The cemetery also contains the graves of Congressman Thomas O. Edwards (1810–1876), Joseph Thoburn (1825–1864) and Daniel E. Frost (1819–1864), prominent in the West Virginia statehood movement and who died fighting for the Union in the American Civil War. Other historic burials include Dr. Simon Hullihen (1810–1857), perhaps the first oralmaxilliary surgeon in the U.S., and Dr. Eliza Hughes (West Virginia's first female doctor and the sister of Confederate sympathizer and Ohio County's Virginia Civil War state delegate Dr. Alfred Hughes).

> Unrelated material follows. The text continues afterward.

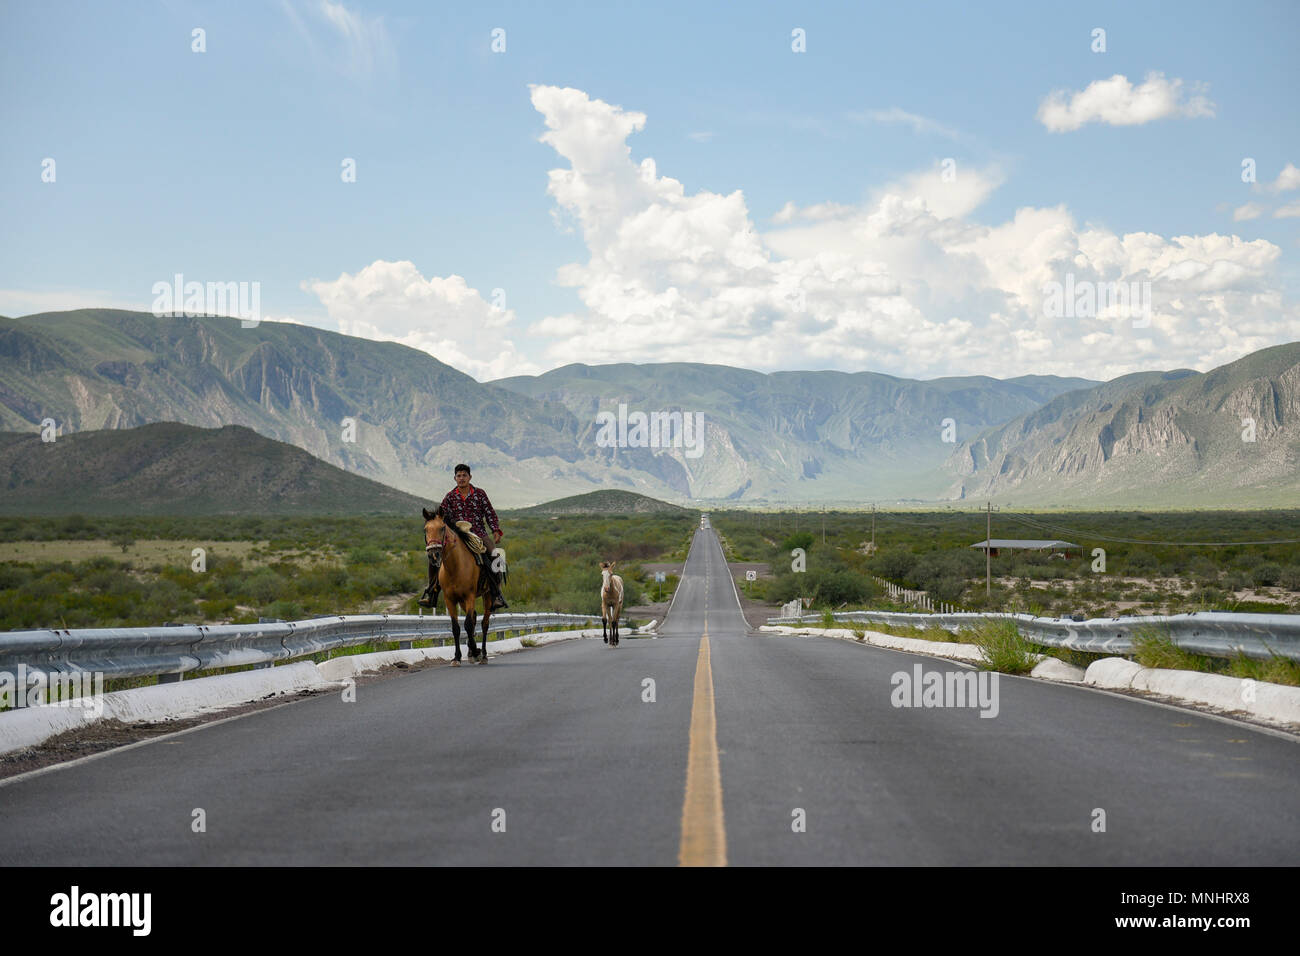 Vista frontal del hombre a caballo a lo largo de la carretera con las montañas en el fondo, Durango, México Foto de stock
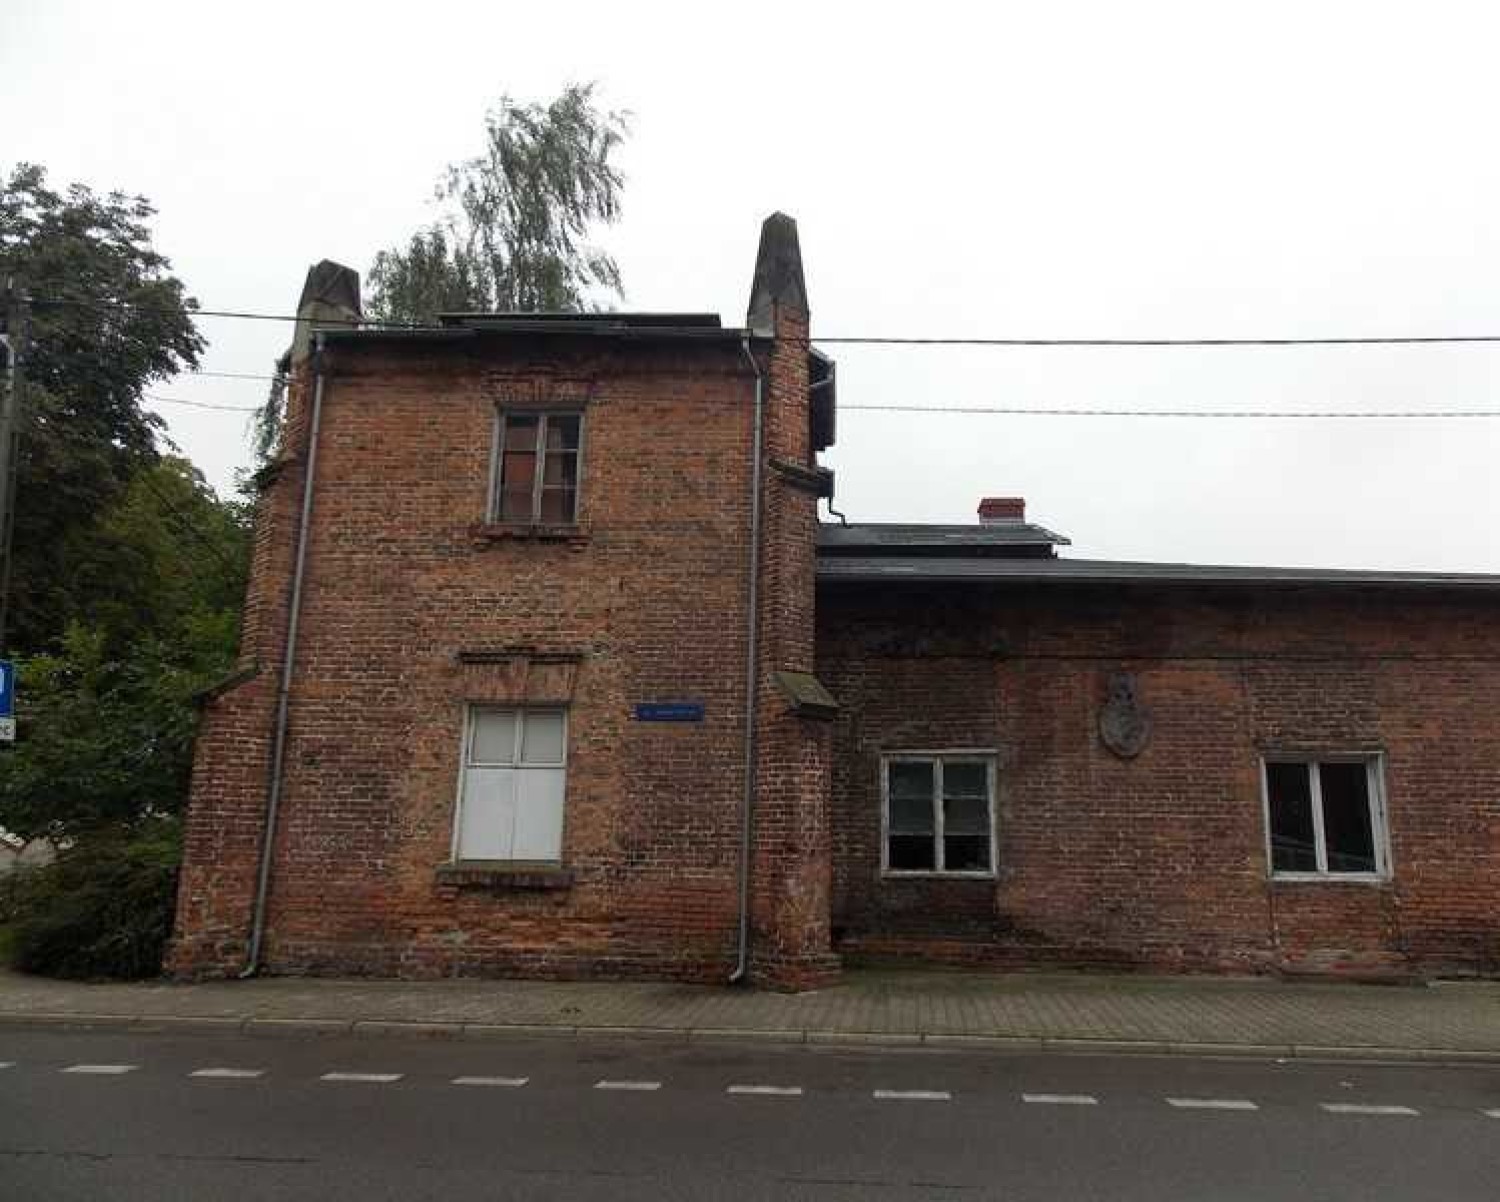 Rewitalizacja domku gotyckiego w Opatówku. Remont potrwa do września

The earliest gravestone contains an 1817 date. In addition to remains reinterred from the Hempfield cemetery, remains were relocated from the Chapline and East Wheeling cemeteries when those were closed by the late 1800s, although some plots lower down the hill laid out in this period were never sold and that area became wooded. The Jewish cemetery was established beginning in 1849, following the unexpected death of itinerant rabbi Mayer Mannheim, and being on a steep slope, had persistent issues which required retaining wall construction; its first plots were laid in 1865 and burials continued well into the 20th century. In 1866, Greenwood cemetery was established east of the city, which decreased funeral use of this cemetery, although it remained an important regional park. In 1933 as the Great Depression began, paths were improved and 100 oak trees planted. Mt. Woods cemetery shrank somewhat over time, as interments became less frequent. The original remains from the two List family mausoleums were later reinterred at Greenwood Cemetery. Many trees predate the 1930s, with shrubbery surrounding individual graves removed more recently for easier maintenance. After major vandalism in 1974, the cemetery company relinquished its responsibilities to the City of Wheeling in 1977. It now includes 11.5 acres in the Mt. Woods cemetery and 0.99 acres in the Jewish section (still owned and maintained by Temple Shalom).

==Architecture==

Significant tombs, gravestones and buildings exemplify antebellum, Victorian-era, and early to mid-20th-century funerary art. Notable structures include the entrance gate (1920s), the Rosenberg Arch (1886) and ten family mausoleums, including the Forbes mausoleum (1889), Scott mausoleum (c. 1890), Cotts mausoleum (1863), Pracht mausoleum (1893), and Captain John List mausoleum (c. 1850s).